Assigned task: When you reach the line that holds "Modèle de bâtiment", start copying exactly and keep going through the final line of the data, leaving out pictures.

### Source data

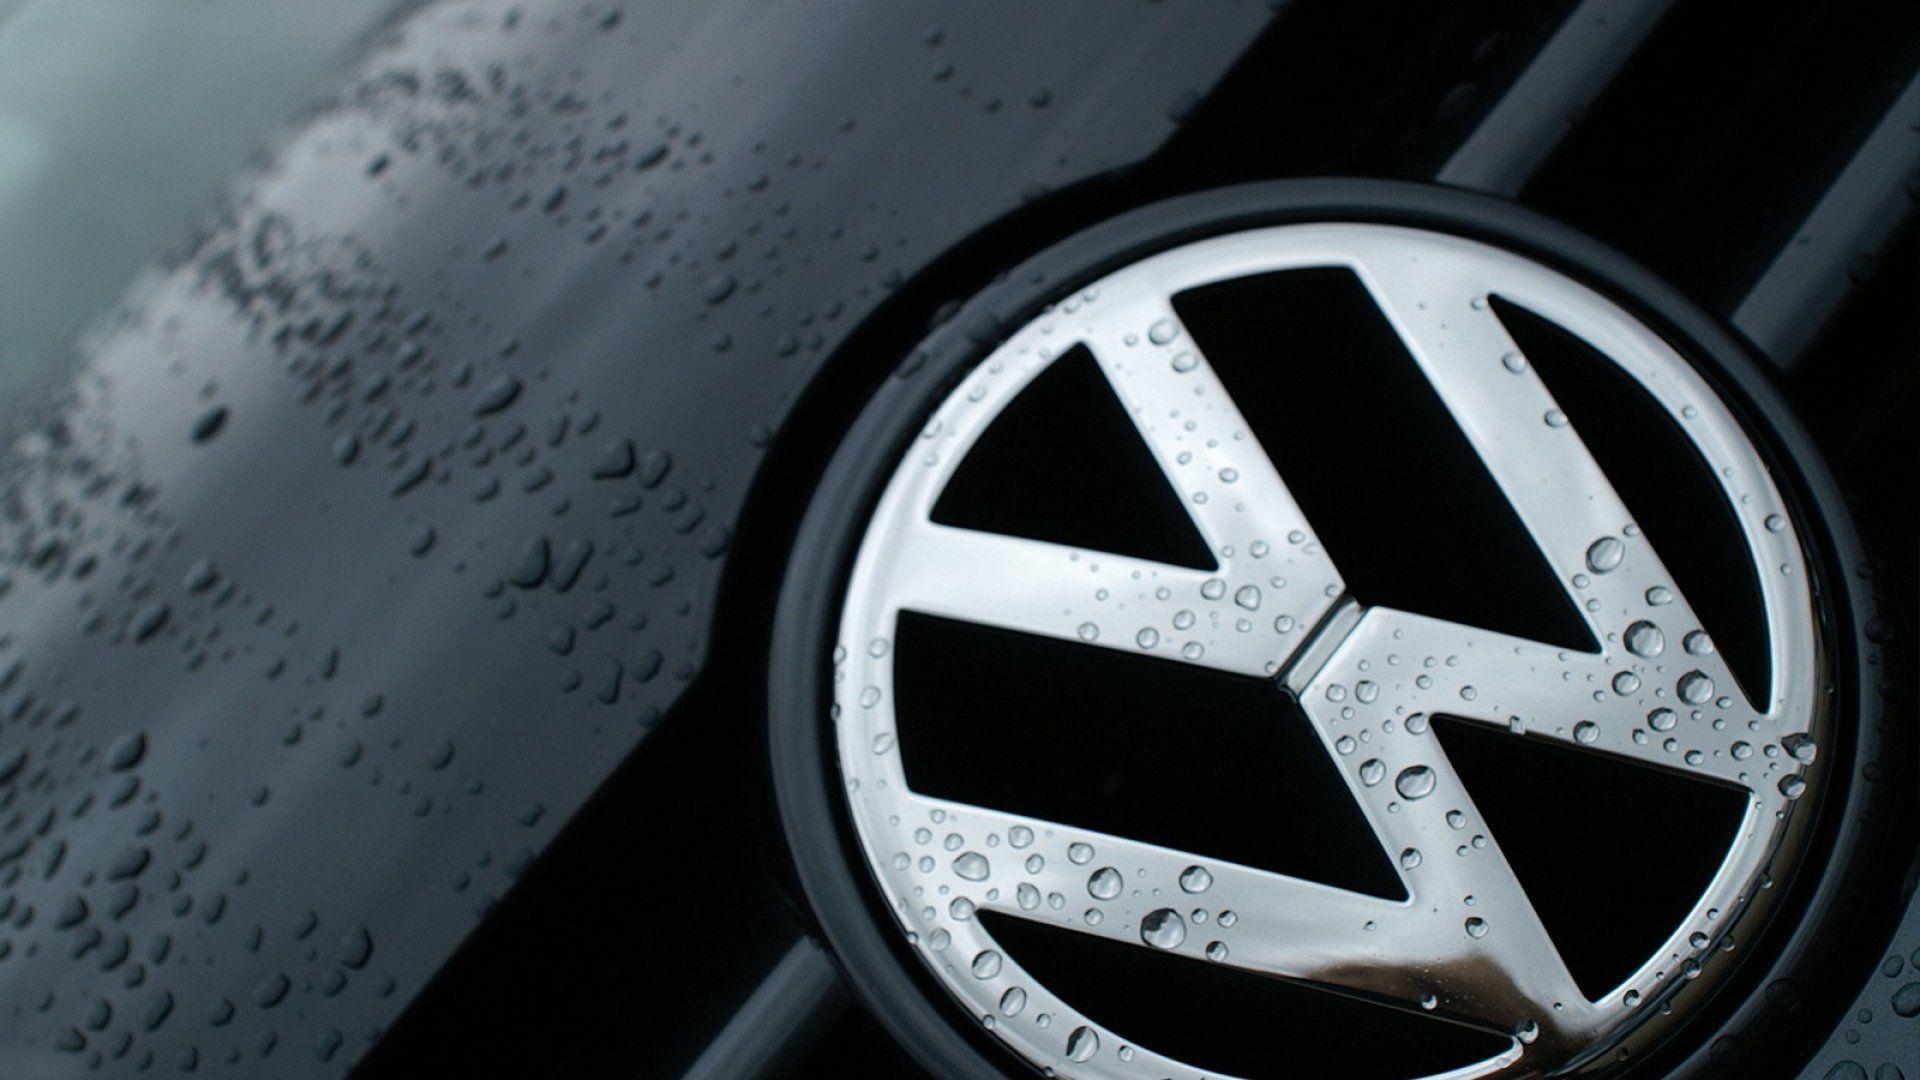 Volkswagen Hd Wallpapers Top Free Volkswagen Hd Backgrounds Wallpaperaccess
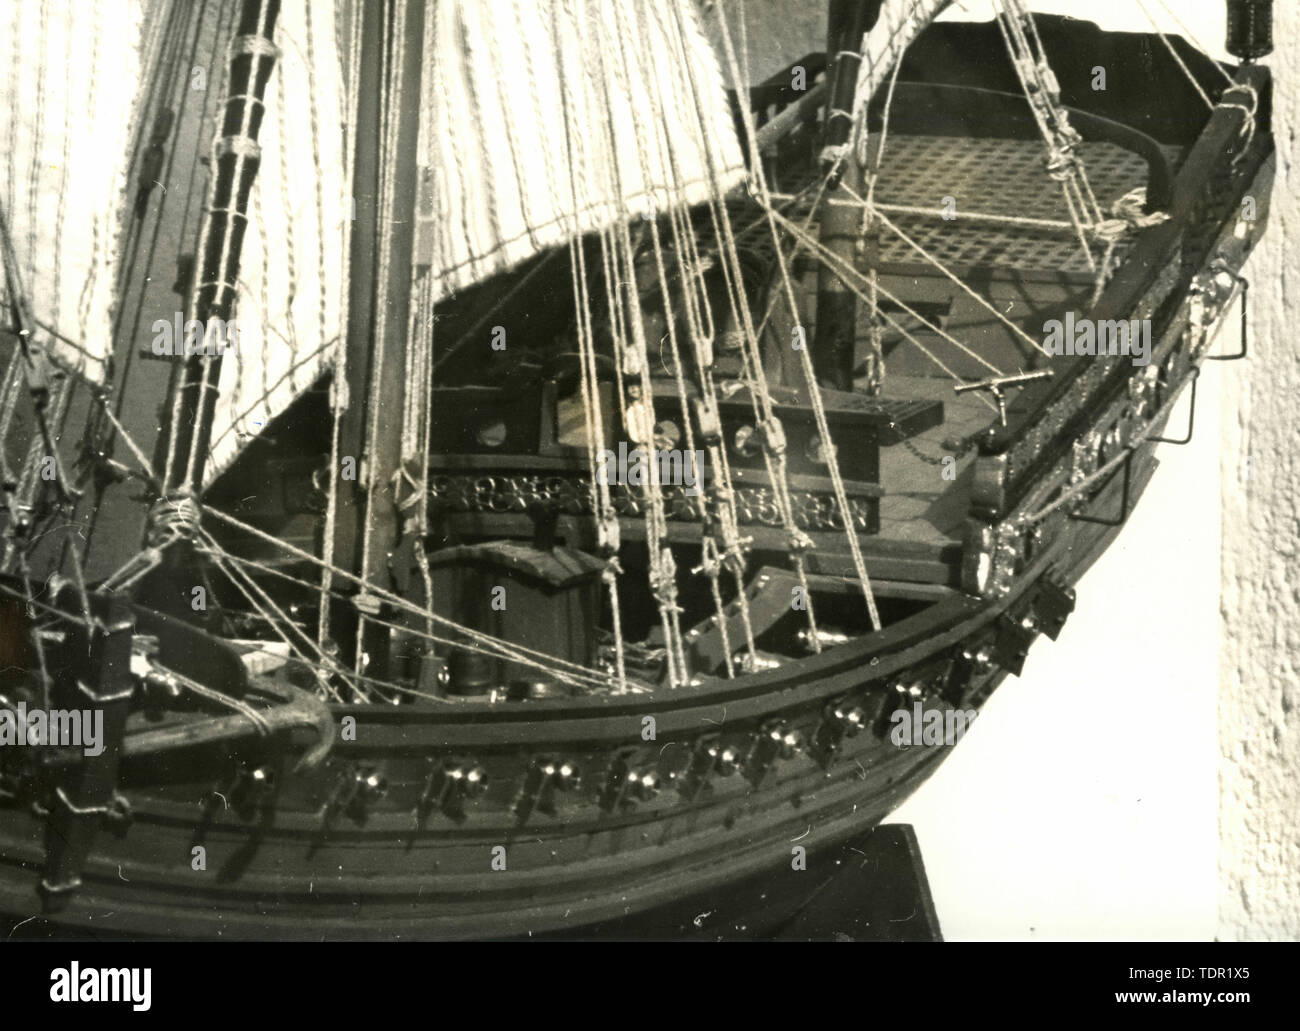 Modèle de bâtiment navire : Le chebec français indiscrète, 1750 Banque D'Images
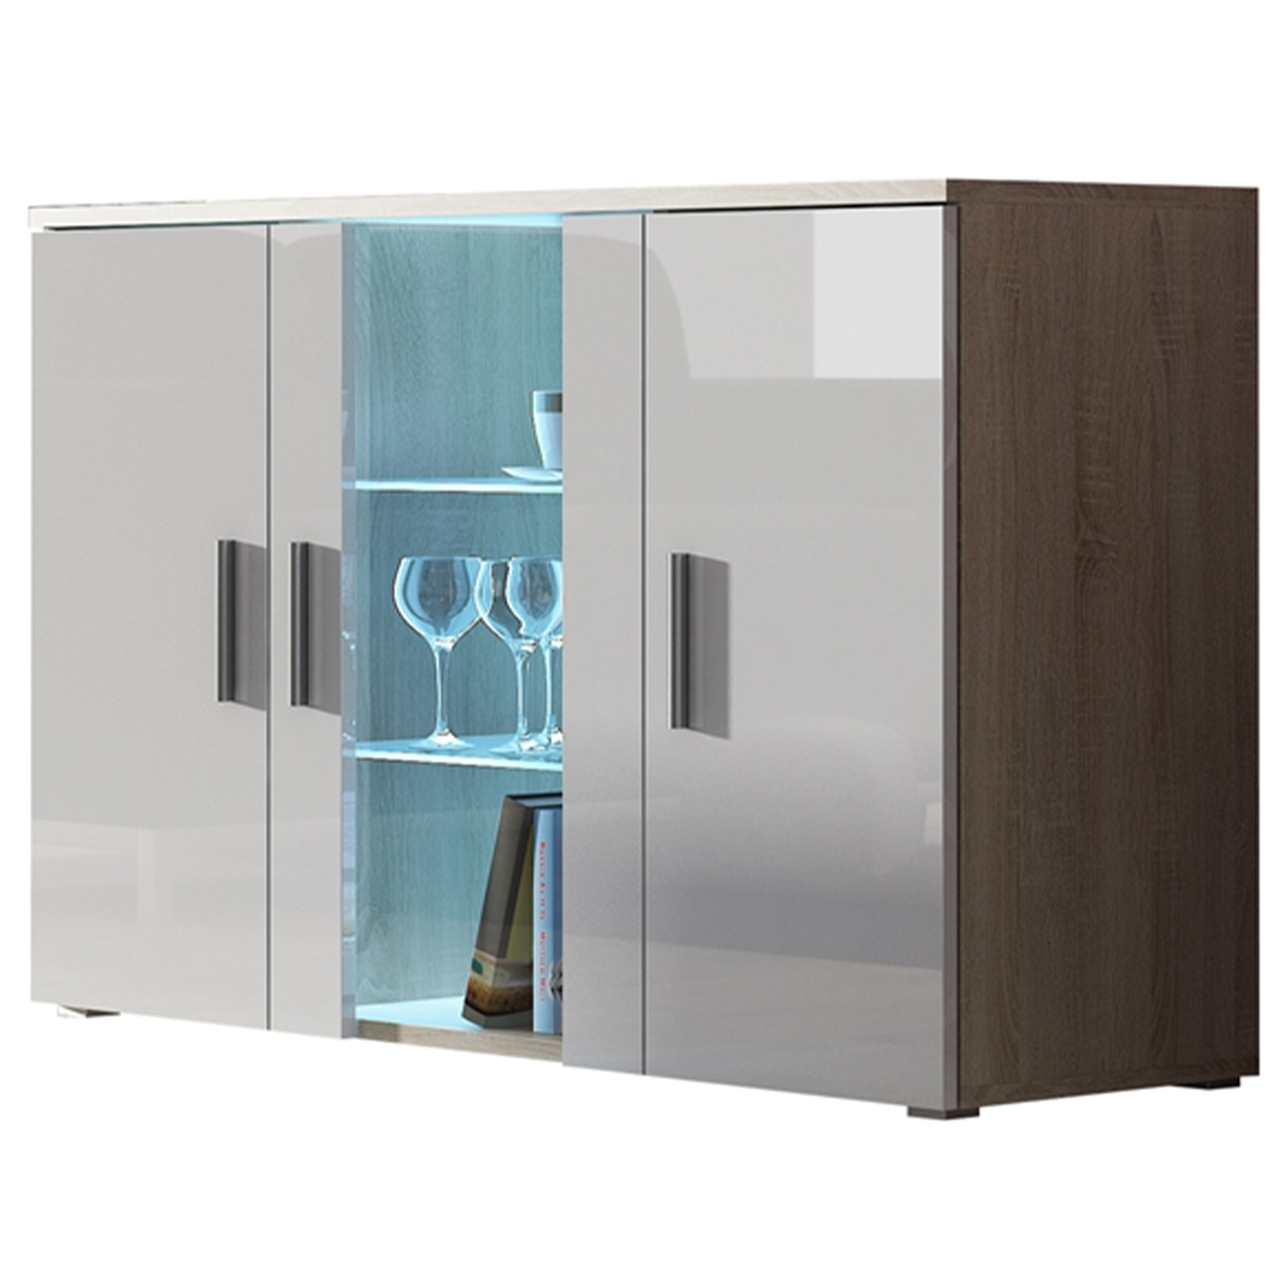 Storage cabinet SOHO SH8E sonoma oak / white gloss

######

Finished task:
 Modèle de bâtiment navire : Le chebec français indiscrète, 1750 Banque D'Images
 Storage cabinet SOHO SH8E sonoma oak / white gloss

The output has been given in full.